After spending three hours listening to women scream at one another, I realized that even though our hearing dims with age, somehow I am less tolerant of loud. These women made Roseanne Bar sound like Georgette on The Mary Tyler Moore Show. I never did figure out exactly which topic would cause the escalation in volume, because it happened at such random times.

[Housewife walks up to a lunch table to meet her friend for lunch.]

Housewife at Table: Oh MY GAWD, IT’S YOU!! HOW ARE YOU SWEETIE? YOU LOOK FABULOUS!!!

Who would think that this greeting requires the same volume as, “OH MY GAWD, YOU ARE NOT EFFING TALKING ABOUT MY FAMILY. ARE YOU EFFING TALKING ABOUT MY FAMILY?”

Aging Lesson #3: Once you hit 50, screaming is an unnecessary energy drain. Plus, you tend to start choking when you try to yell, which takes away your power. “YOU EFFIN TALKING ABOUT MY — cough–cough–cough– FAMILY?”

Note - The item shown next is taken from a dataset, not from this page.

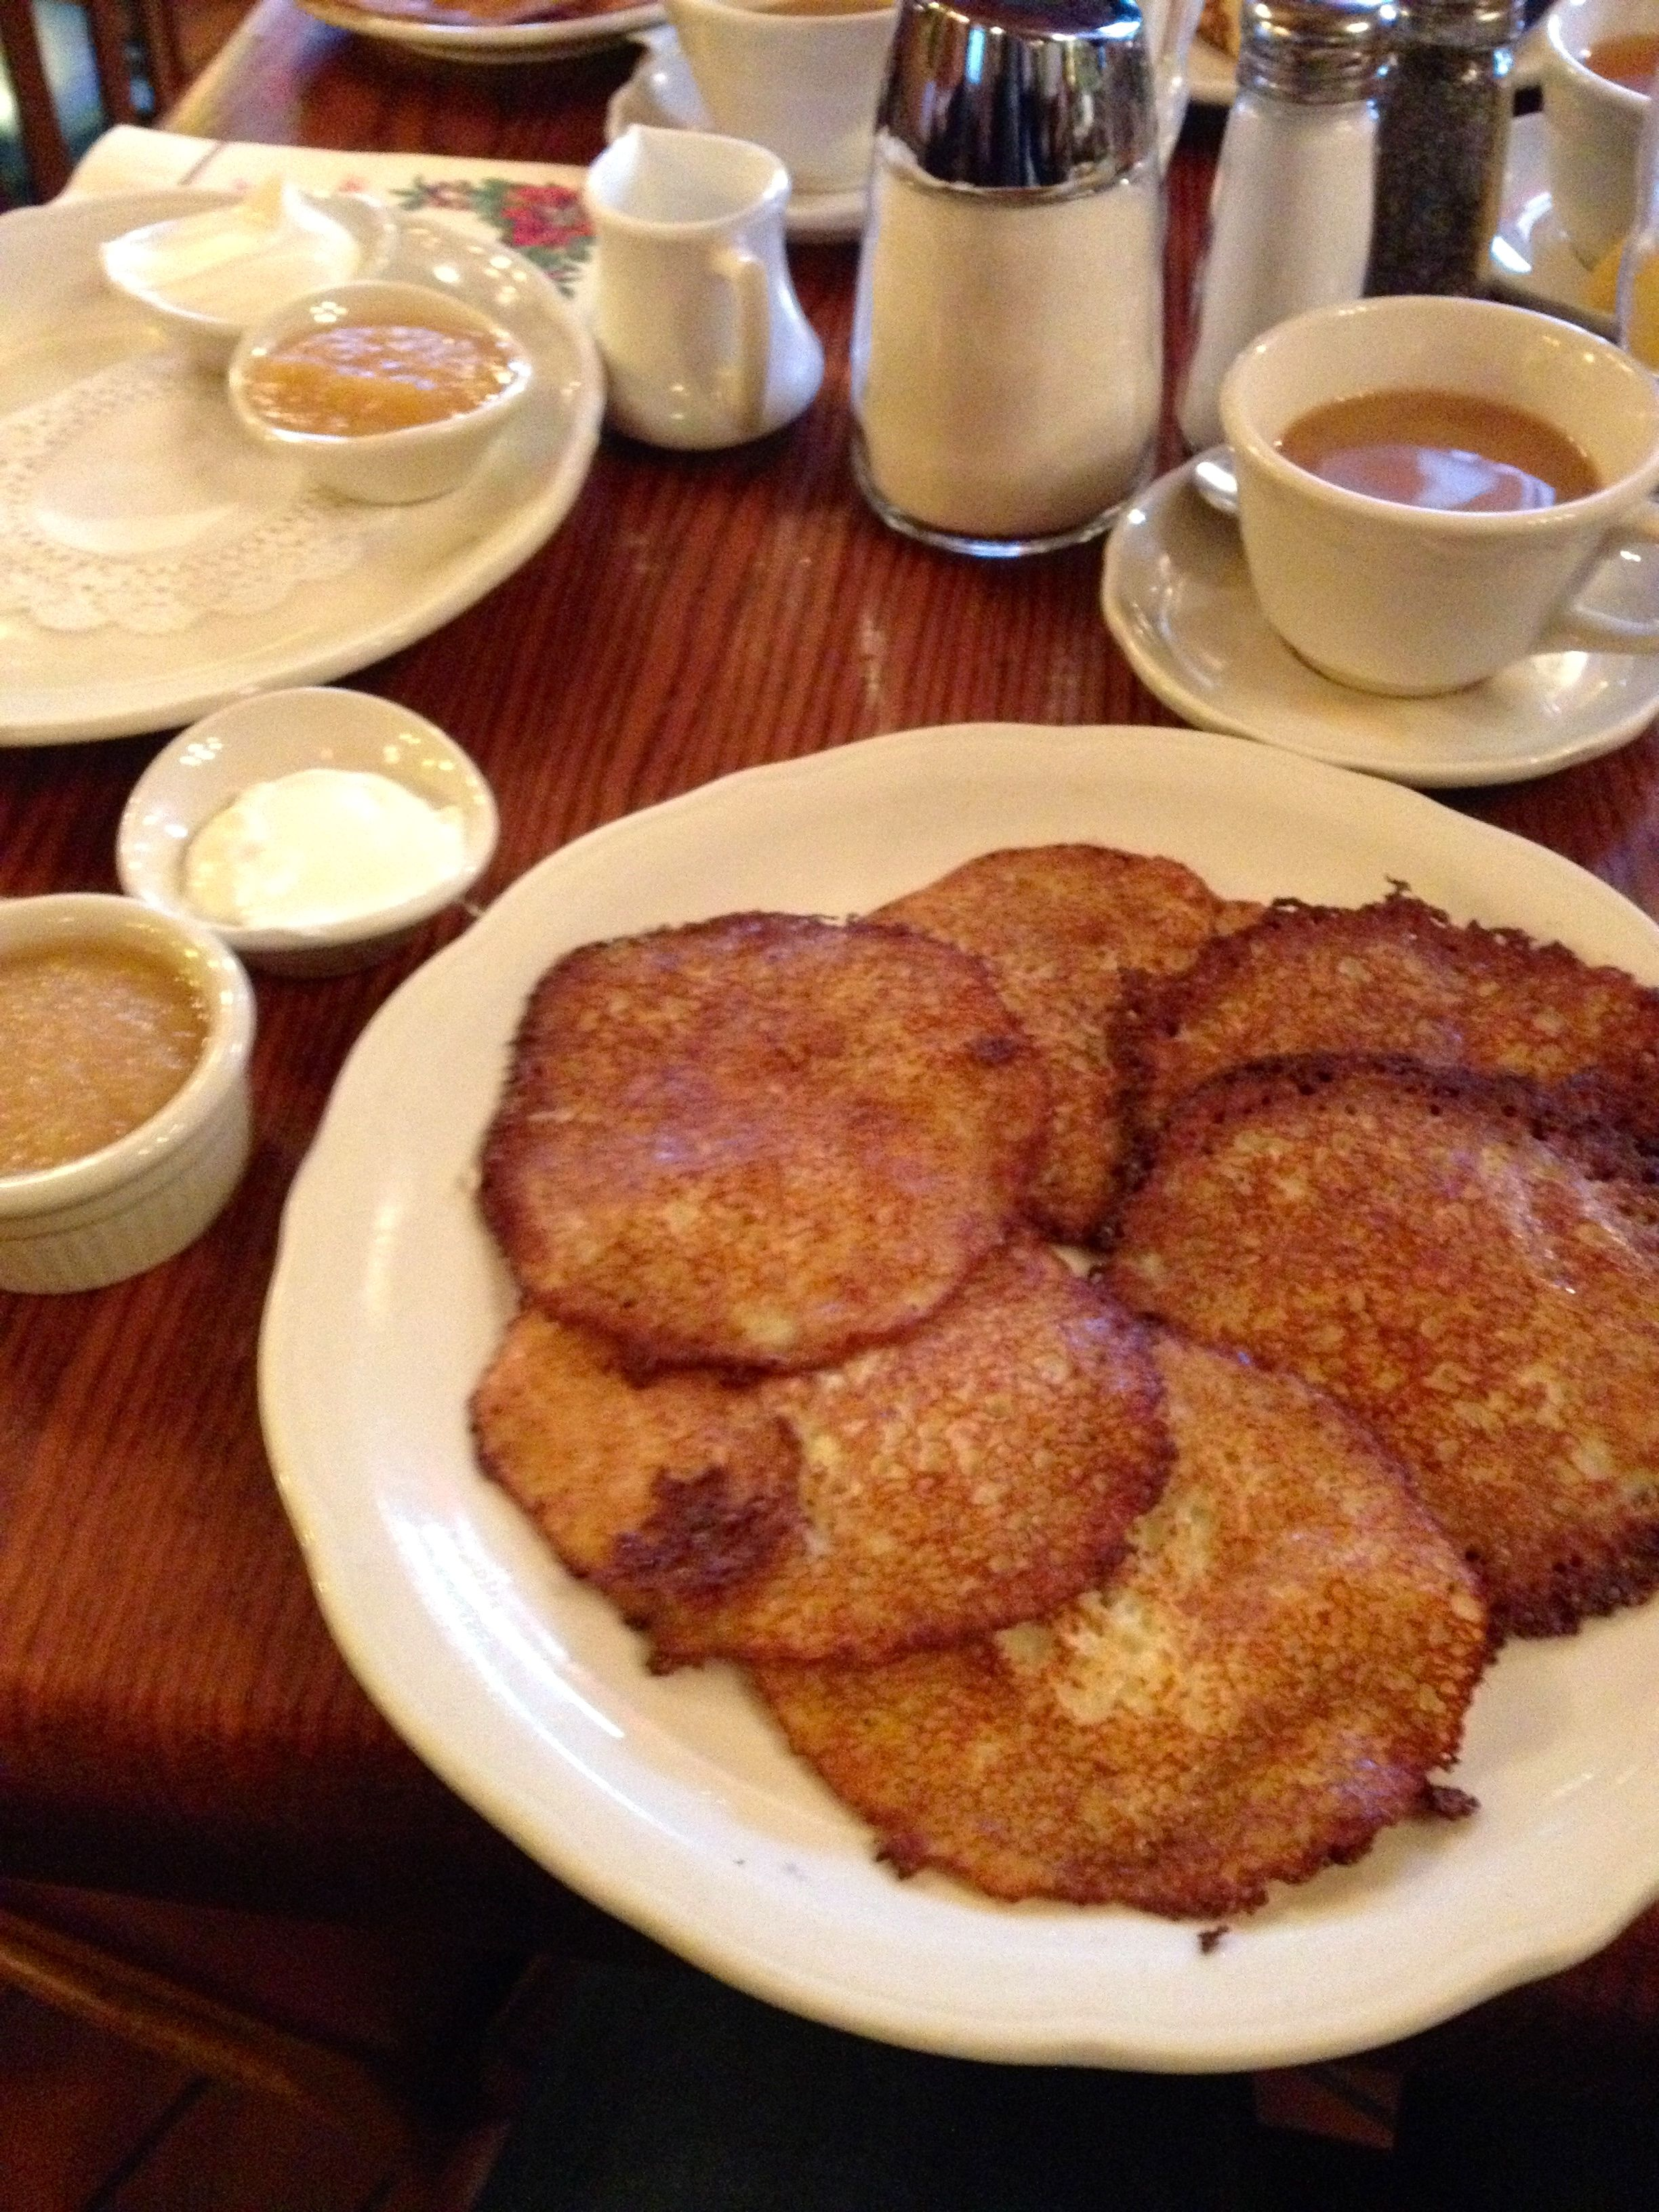 Potato Pancakes at The Original Pancake House A Month of Dining

My final lesson came from the poison that many women inject into their faces. The land of Botox robbed every housewife of the expression that should have accompanied their anger. The positive thing was that every fight surprised me because they didn’t actually look mad and then BOOM, there was a punch. The bad part was that I had to listen really closely to the inane dialogue to understand why the escalation had occurred.

Aging Lesson #4: Botox might get rid of wrinkles, but it also robs your face of personality. Wrinkles are a wonderful map of all of your life experiences.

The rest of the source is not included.